■ **RECORDS PROVIDED**:
---------------

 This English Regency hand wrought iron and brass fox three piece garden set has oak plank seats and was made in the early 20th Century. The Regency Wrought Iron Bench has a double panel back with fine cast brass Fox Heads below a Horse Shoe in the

---------------

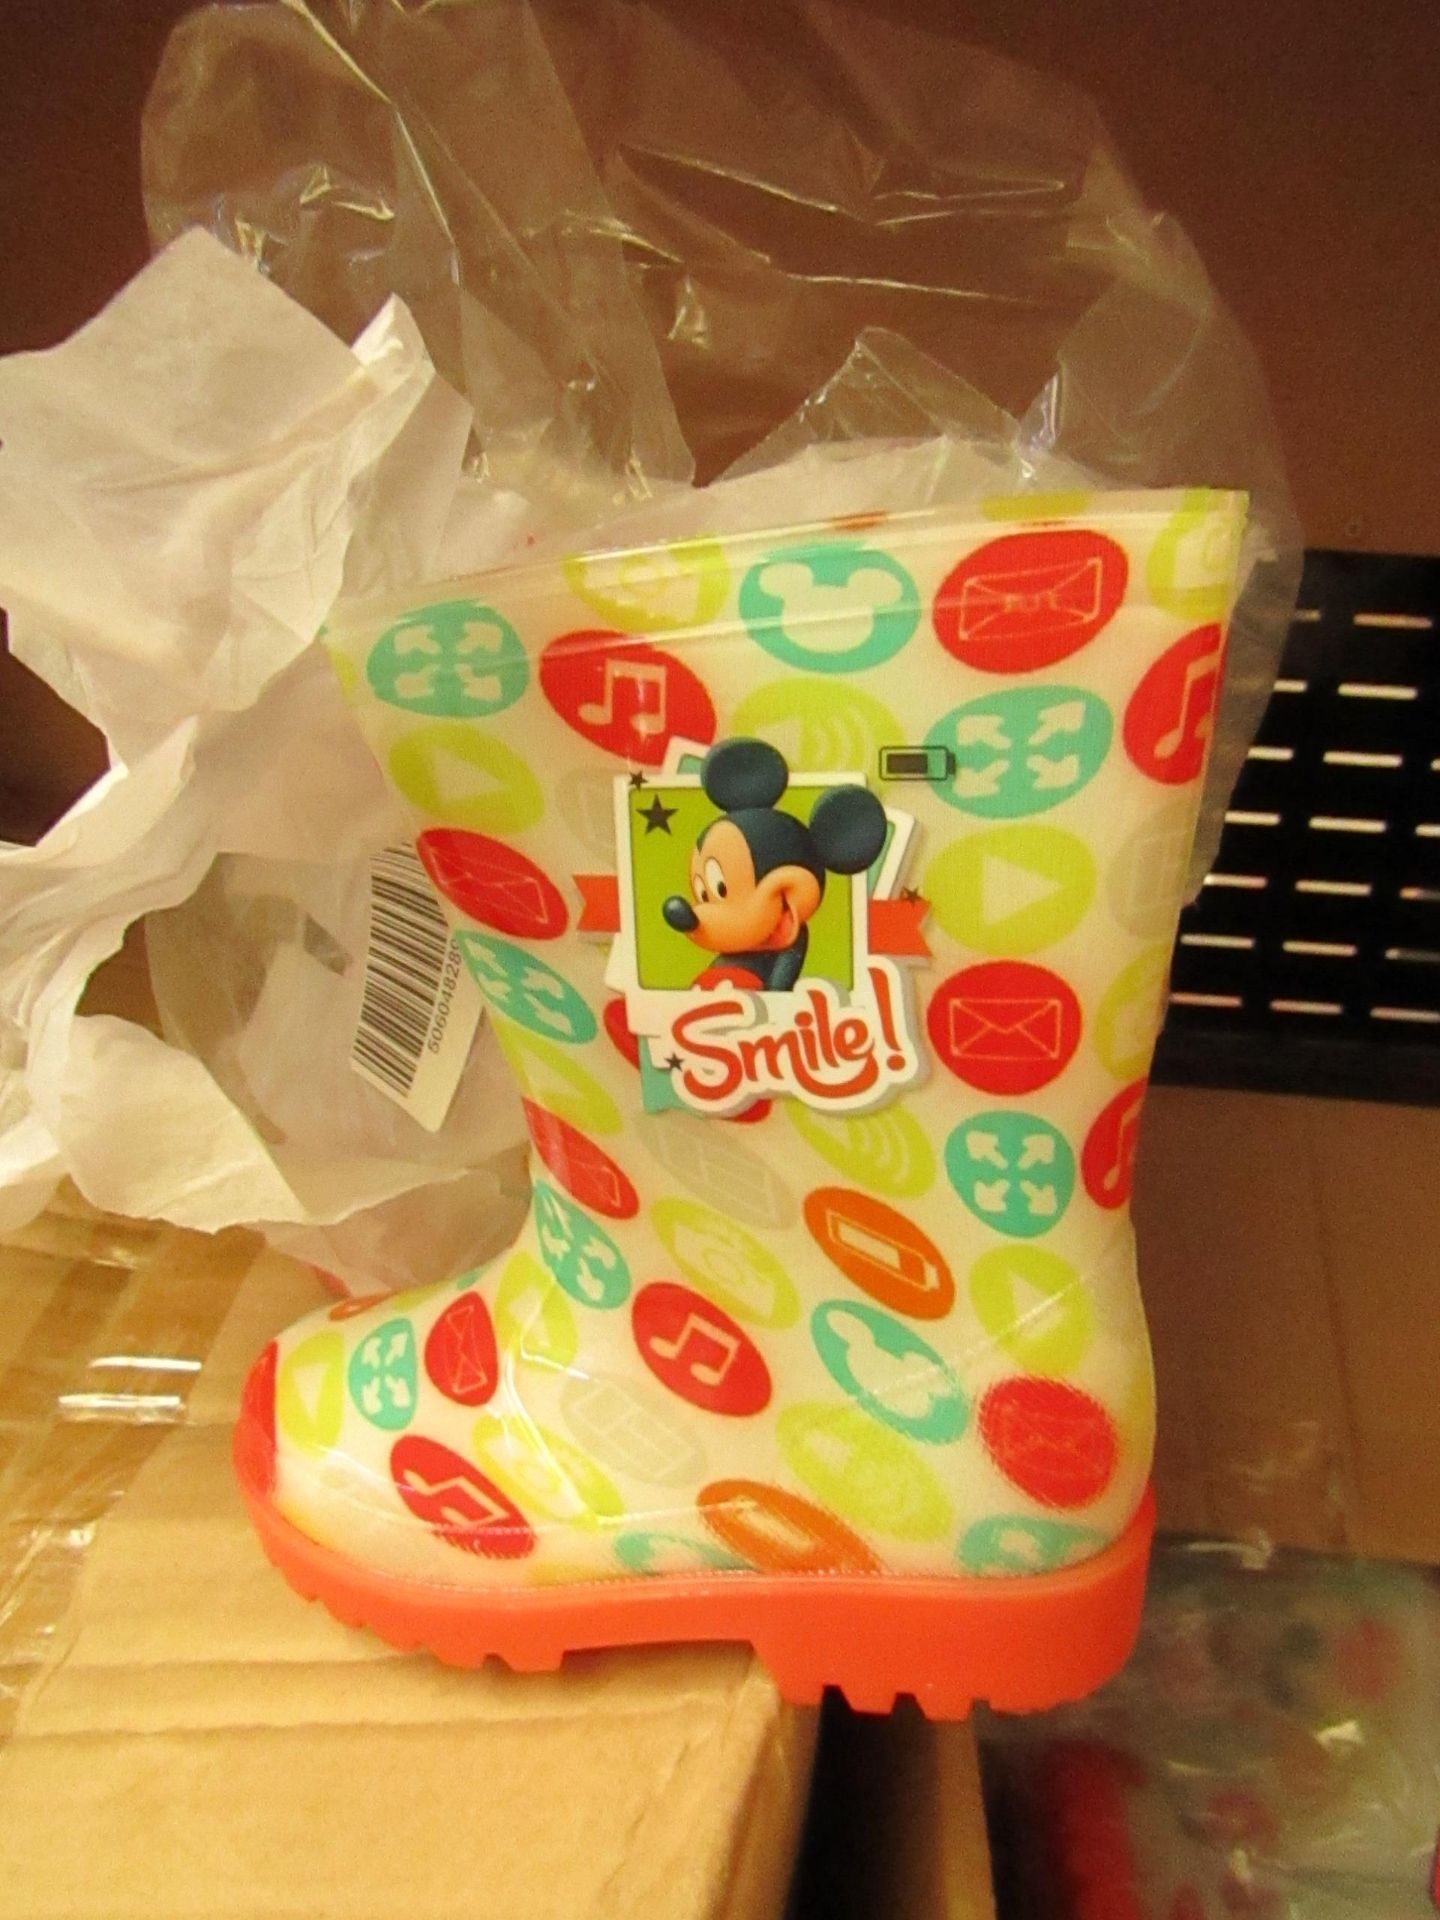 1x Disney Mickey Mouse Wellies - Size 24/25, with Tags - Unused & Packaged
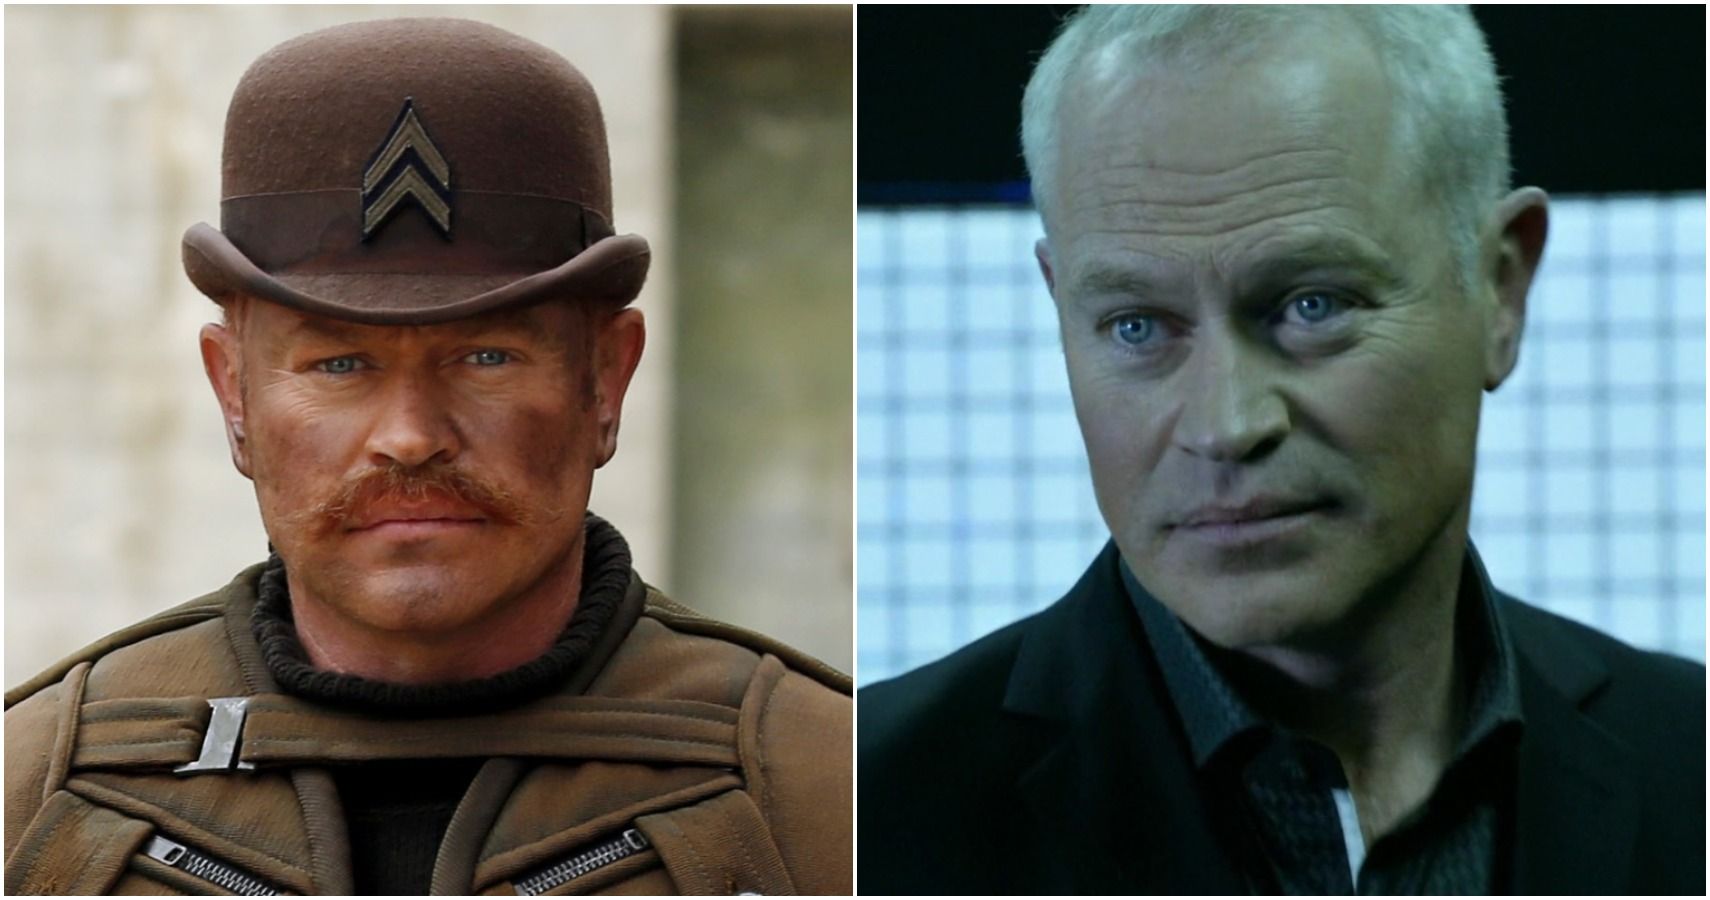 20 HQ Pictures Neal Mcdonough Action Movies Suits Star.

---------------

■ **AIM OF THE TASK**:
Reproduce exactly the lines above that run from the one with "1x Disney Mickey" to the one with "20 HQ Pictures", both included, leaving pictures out.

■ **SOLUTION TO THE PROBLEM**:
 1x Disney Mickey Mouse Wellies - Size 24/25, with Tags - Unused & Packaged
 20 HQ Pictures Neal Mcdonough Action Movies Suits Star.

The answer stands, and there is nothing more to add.